Emmanuelle Cambau, E-mail: emmanuelle.cambau{at}hmn.aphp.fr


   Abstract

Objectives: To investigate quinolone resistance mechanisms in an Escherichia coli clinical isolate (Ar2) resistant to ofloxacin but susceptible to nalidixic acid selected after 10 days of ofloxacin therapy in a patient with prostatitis.

Methods: Molecular typing (ERIC-PCR and RAPD), antibiotic susceptibility and gyrA, gyrB, parC and parE QRDR sequences were compared for E. coli Ar2 and a wild-type E. coli (Ar1) isolated 2 months earlier in the same patient. Ofloxacin-resistant mutants were selected in vitro in order to reproduce the mutations observed and the original phenotype.

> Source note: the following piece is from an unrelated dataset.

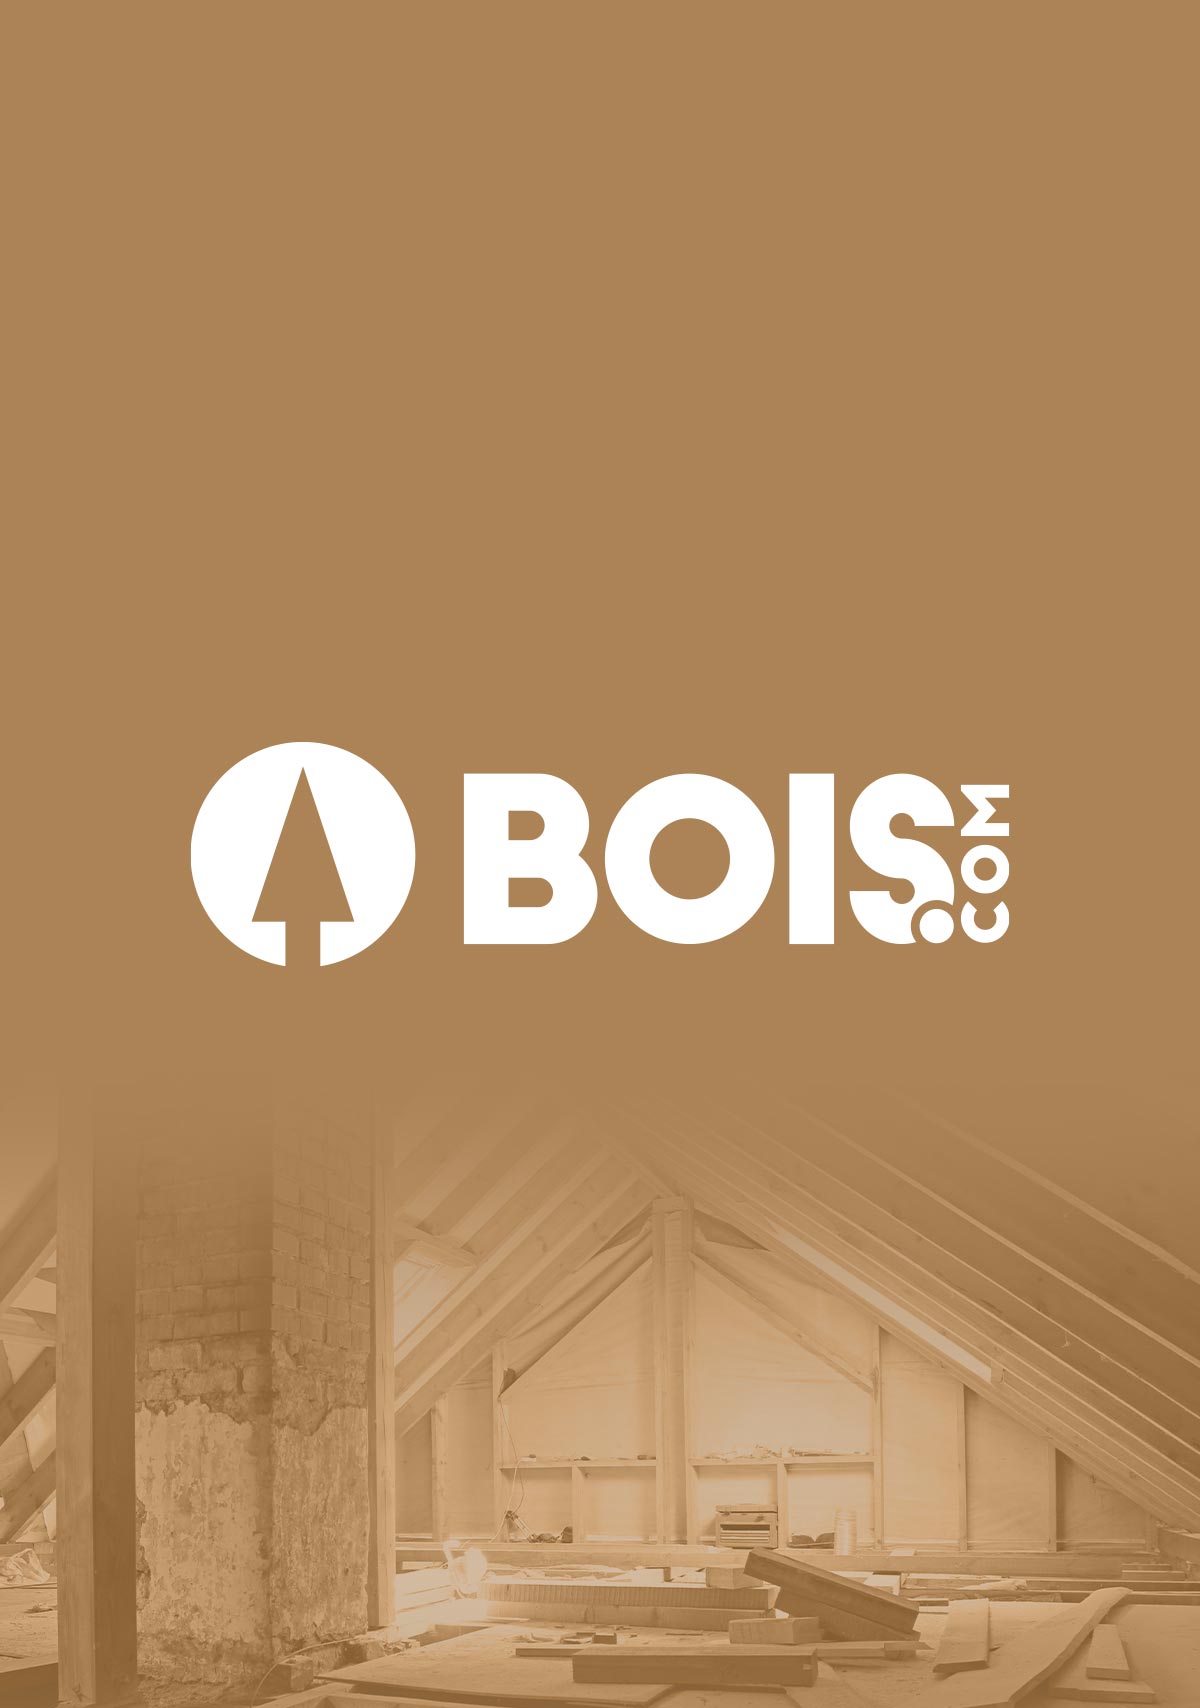 bois.com web design

Results: The two strains were similar with regard to antibiotic susceptibility except quinolones and for ERIC-PCR and RAPD patterns, suggesting a clonal relationship and acquisition of quinolone resistance by chromosomal mutation. Quinolone MICs were 3, 0.12, 0.05 and 0.02 mg/L of nalidixic acid, ofloxacin, levofloxacin and ciprofloxacin, respectively, for E. coli Ar1 and 6, 32, 8 and 1 mg/L, respectively, for E. coli Ar2. The strain Ar2 harboured two substitutions, Gly-81->Asp in GyrA and Ser-80->Arg in ParC. Introduction into E. coli Ar2 of the wild-type gyrA fully complemented fluoroquinolone resistance. Although the strain was not a hypermutator, ofloxacin first-step resistant mutants with gyrA mutations were easily obtained from E. coli Ar1 and 25% of them were at codon 81. In vitro stepwise combination of Gly-81->Asp in GyrA and Ser-80->Arg in ParC reproduced the original phenotype in E. coli KL16.

Conclusions: A double topoisomerase mutant was selected in vivo by 10 days ofloxacin. The mutations were originally combined for a result of ofloxacin resistance but nalidixic acid susceptibility.

Keywords: fluoroquinolones; parC; DNA gyrase A; QRDRs; gyrA; prostatitis.